> **WHAT NEEDS TO BE DONE**
The line containing "Lululemon Street To" marks the end: copy exactly every line from the start of the records below up to and including it, leaving out pictures.

[Excerpts from a dataset]
-*-
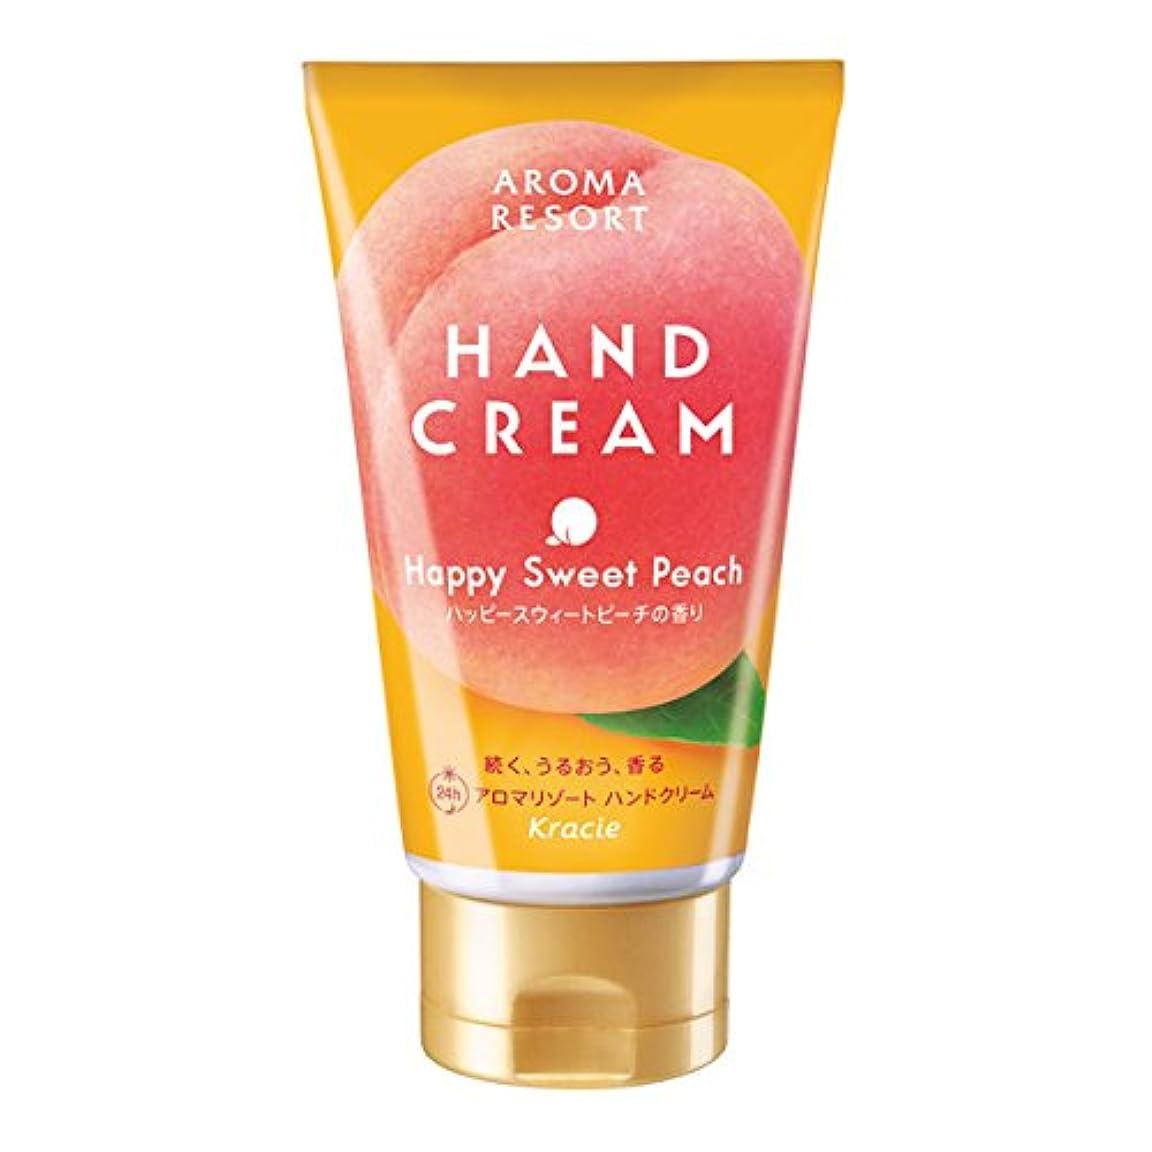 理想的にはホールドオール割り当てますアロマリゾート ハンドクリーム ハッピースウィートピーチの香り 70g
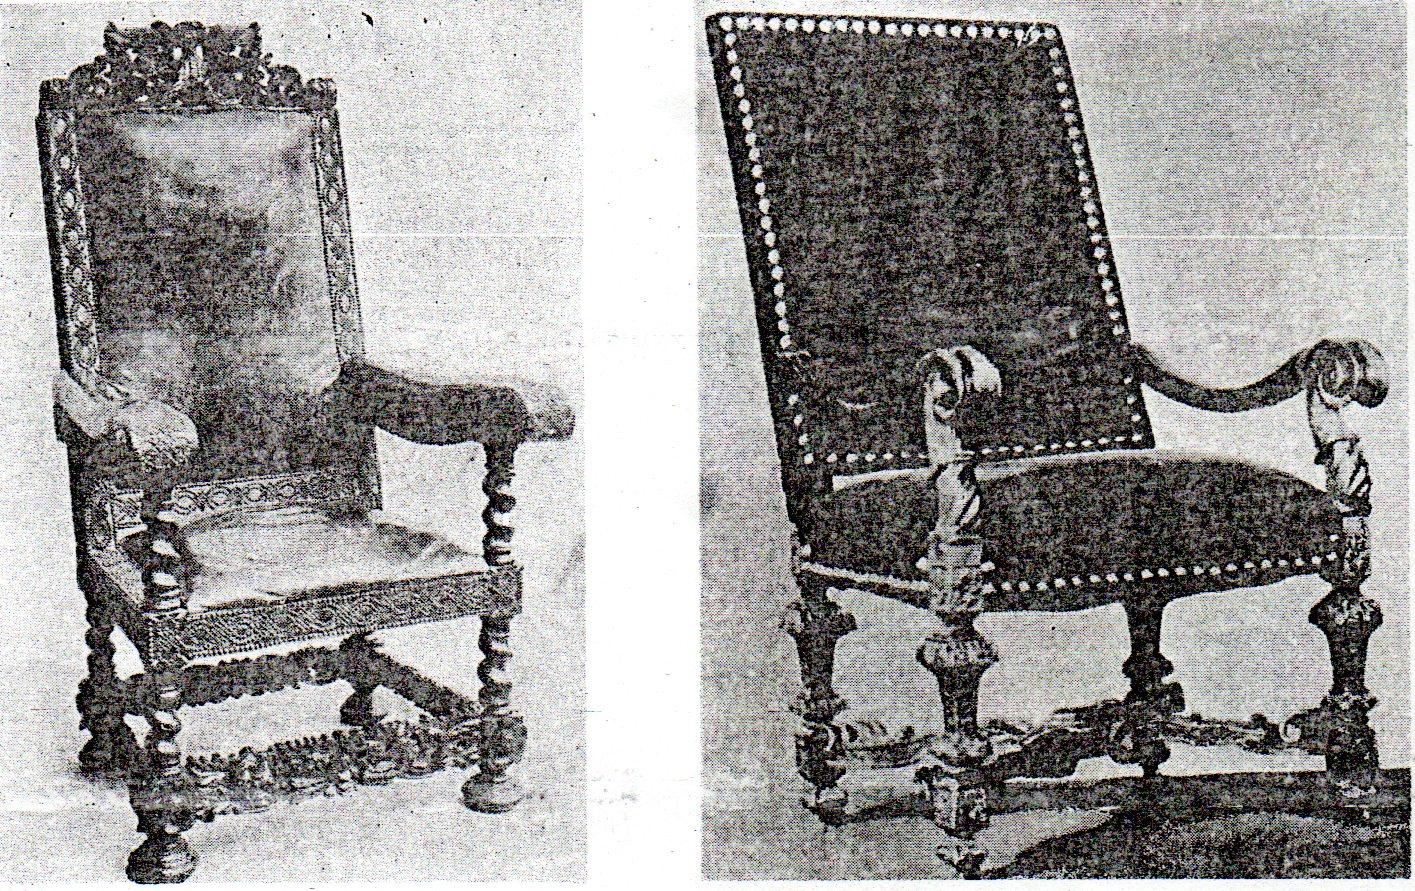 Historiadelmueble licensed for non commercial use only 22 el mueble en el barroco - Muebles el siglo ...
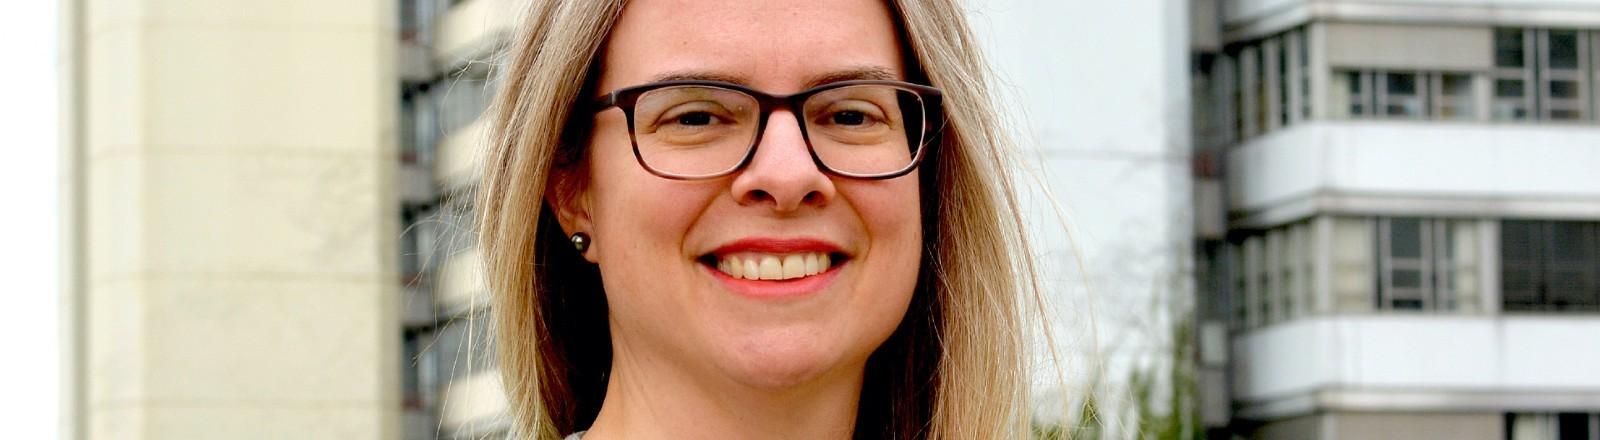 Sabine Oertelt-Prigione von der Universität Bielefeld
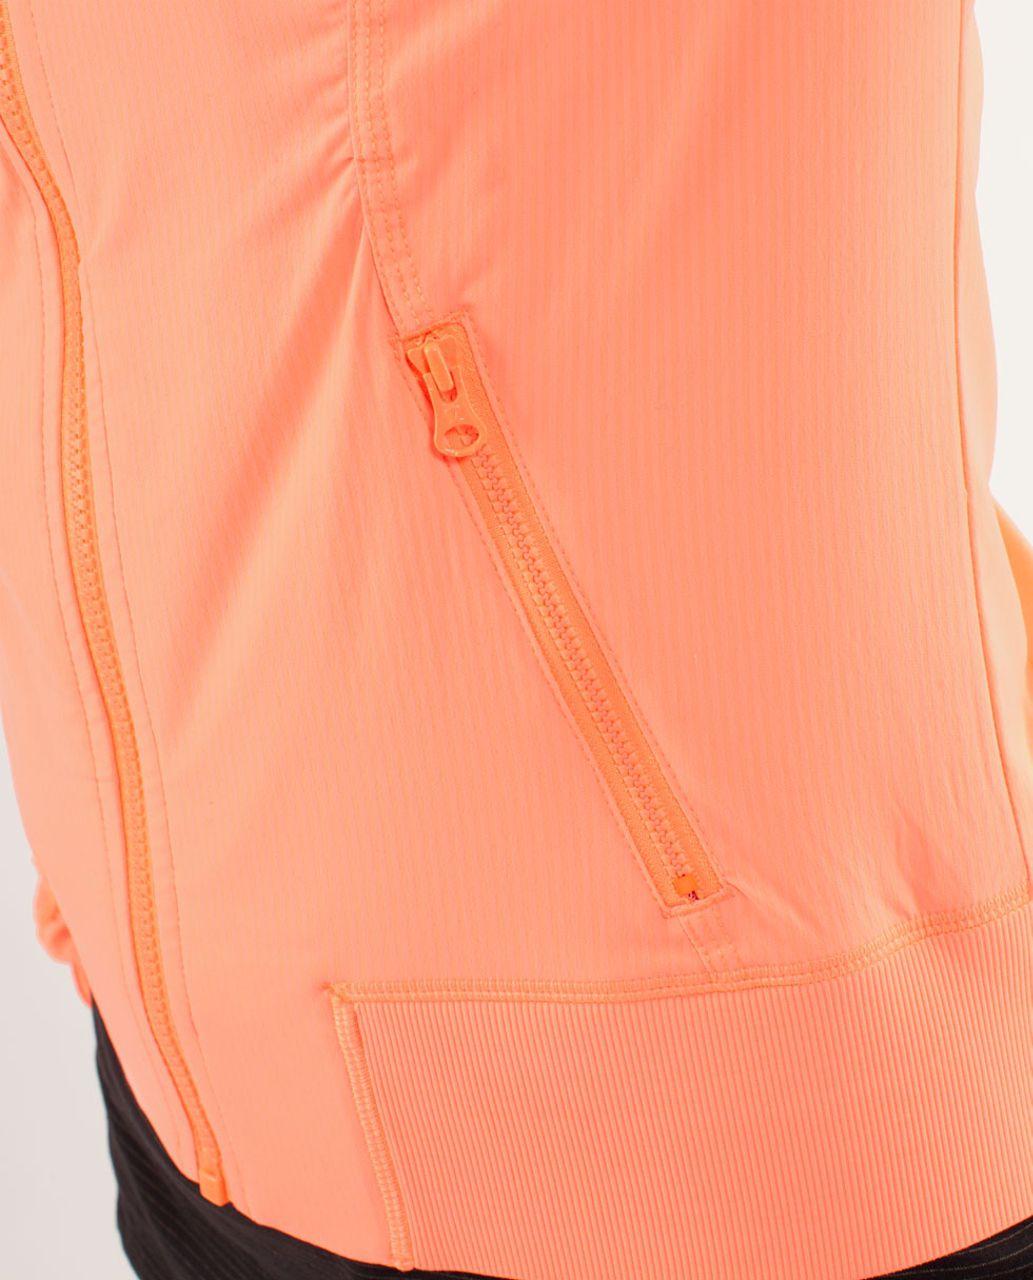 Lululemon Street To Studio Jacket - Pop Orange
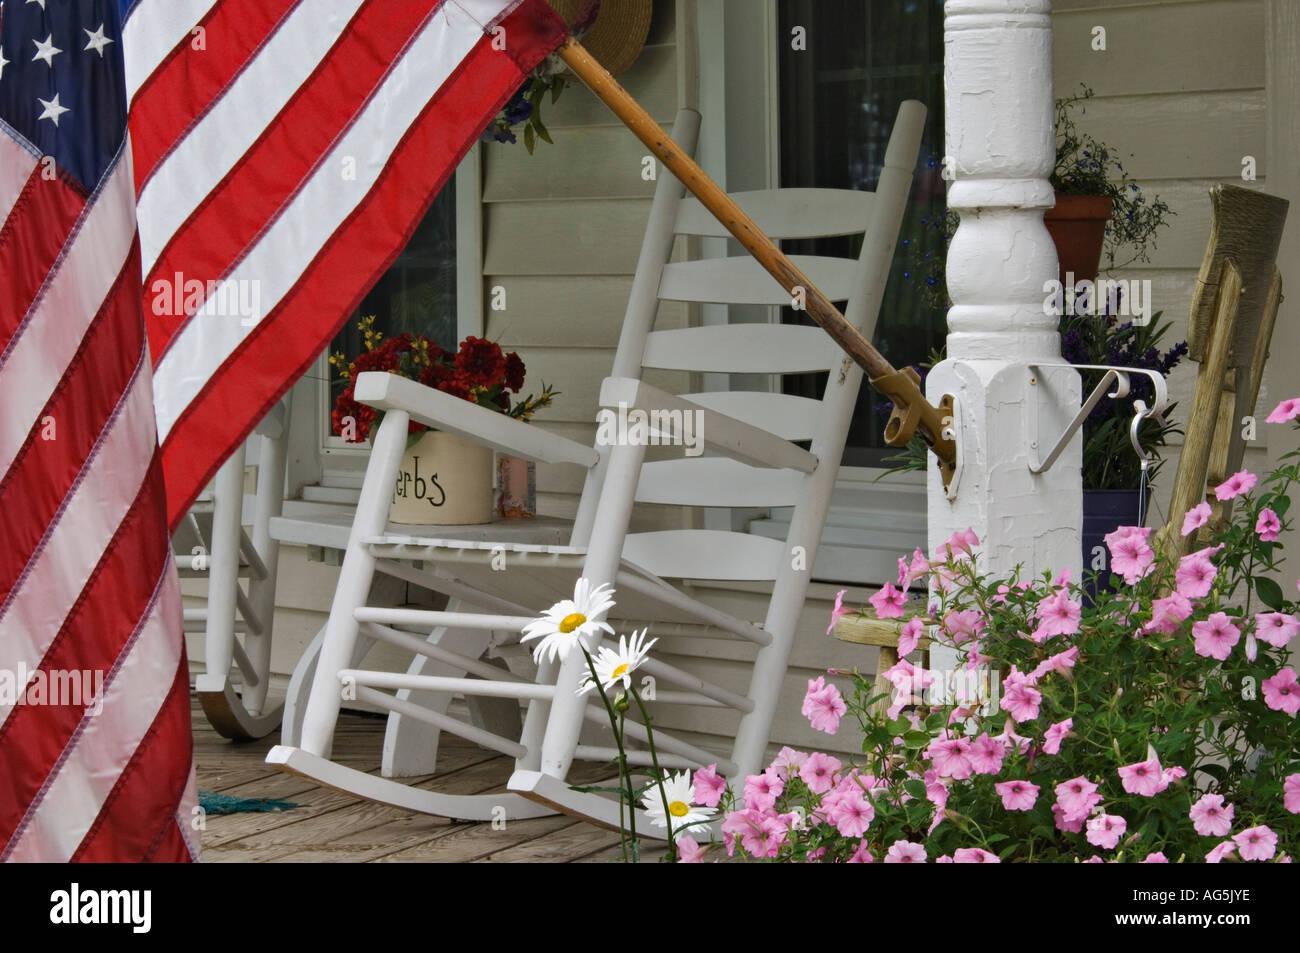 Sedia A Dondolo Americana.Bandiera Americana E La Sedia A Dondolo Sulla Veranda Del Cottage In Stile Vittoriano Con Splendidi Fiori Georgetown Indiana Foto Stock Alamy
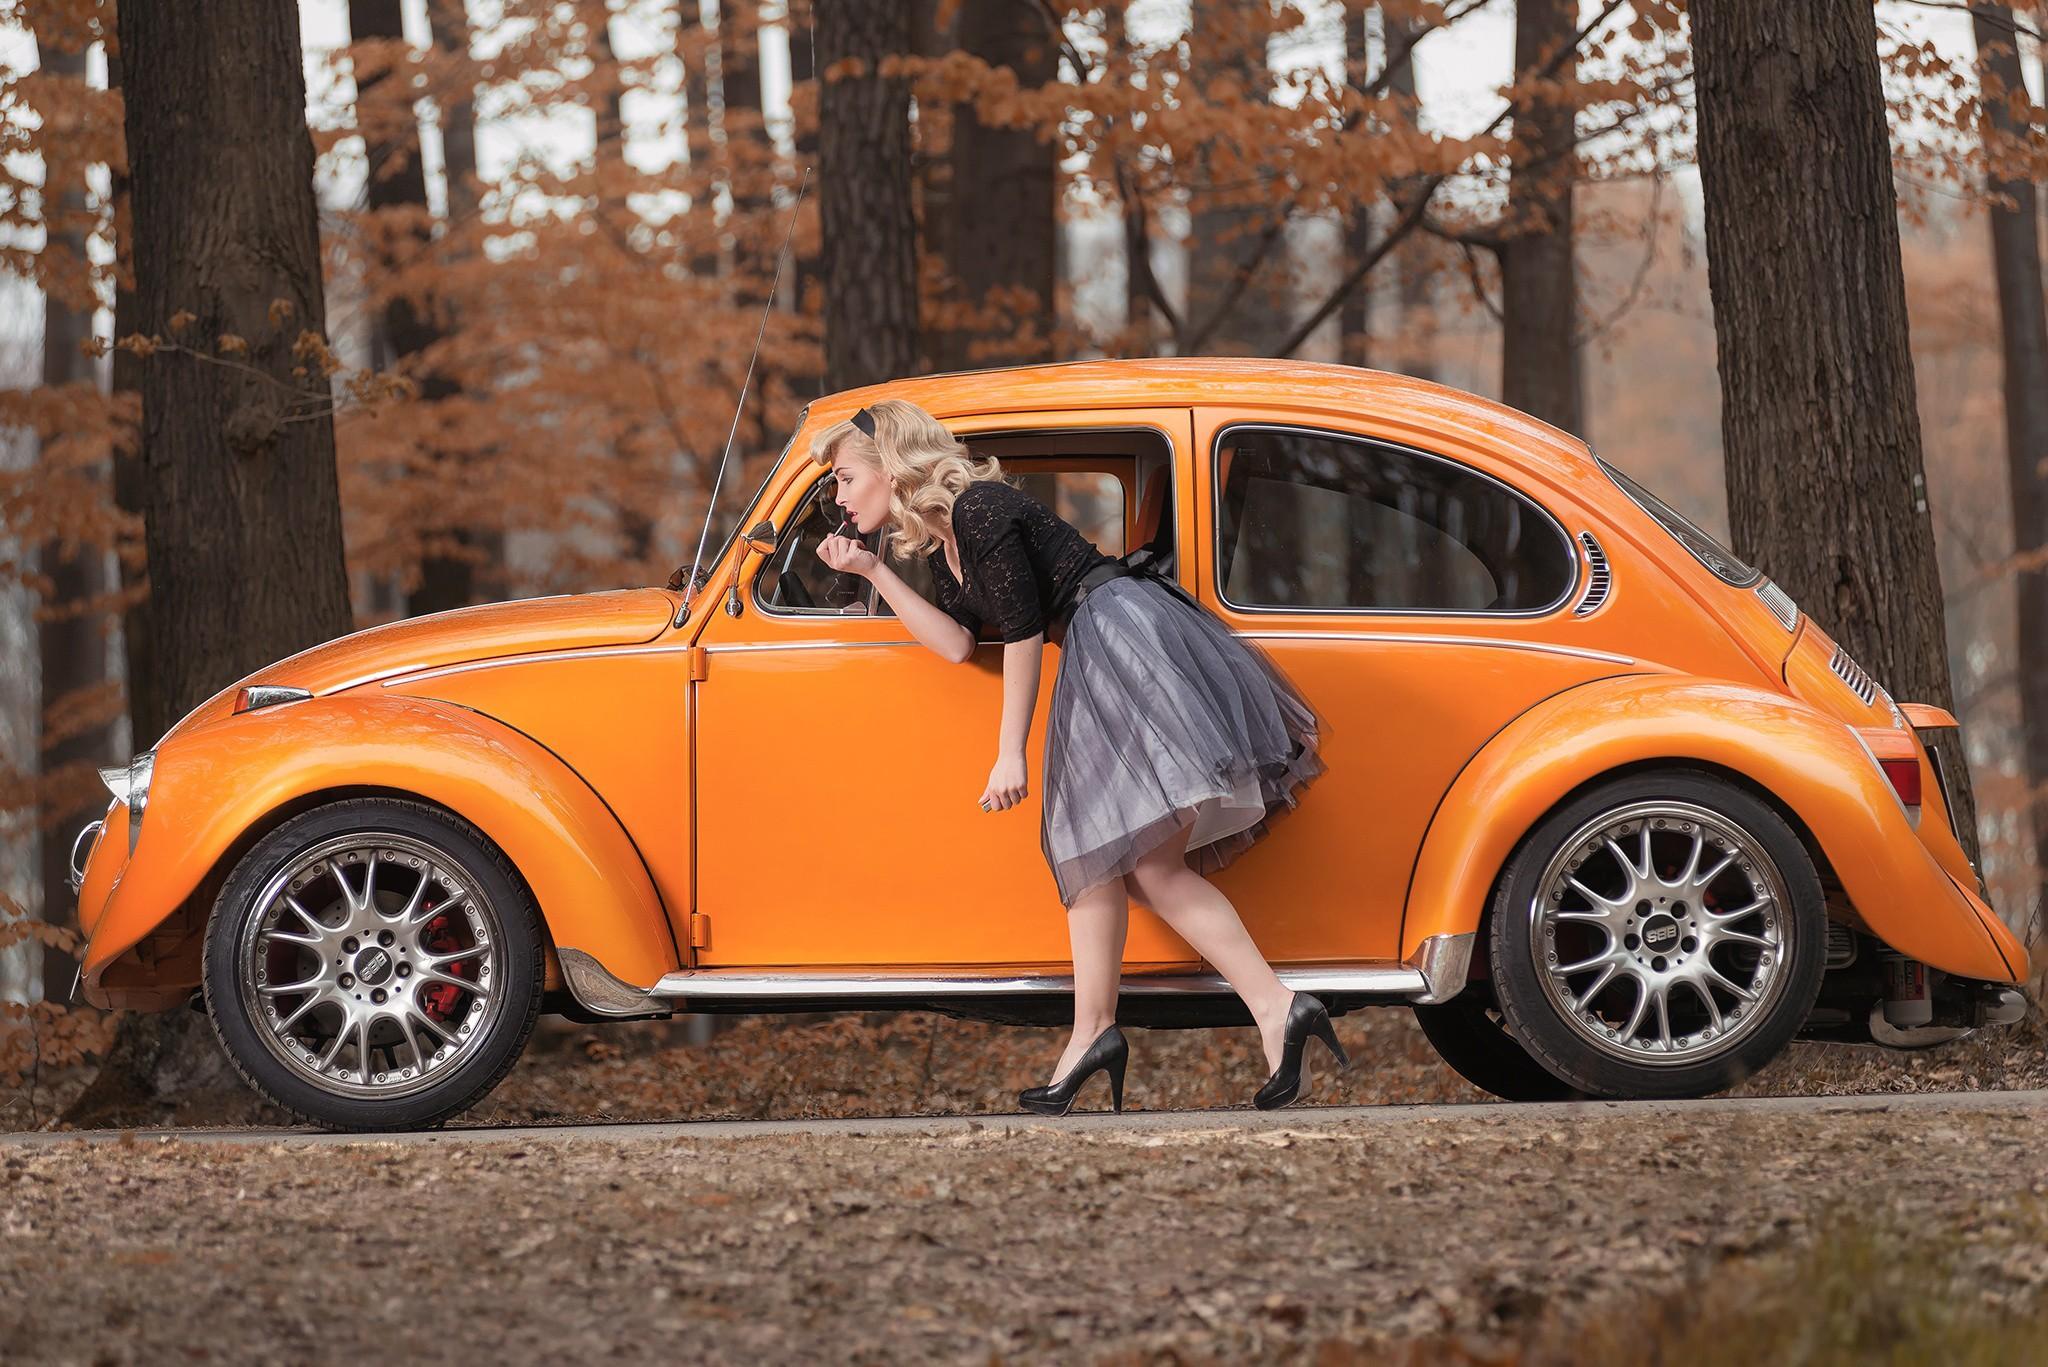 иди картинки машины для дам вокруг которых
-*-
> **YOUR SOLUTION**
 理想的にはホールドオール割り当てますアロマリゾート ハンドクリーム ハッピースウィートピーチの香り 70g
 Historiadelmueble licensed for non commercial use only 22 el mueble en el barroco - Muebles el siglo ...
 Sabine Oertelt-Prigione von der Universität Bielefeld
 Lululemon Street To Studio Jacket - Pop Orange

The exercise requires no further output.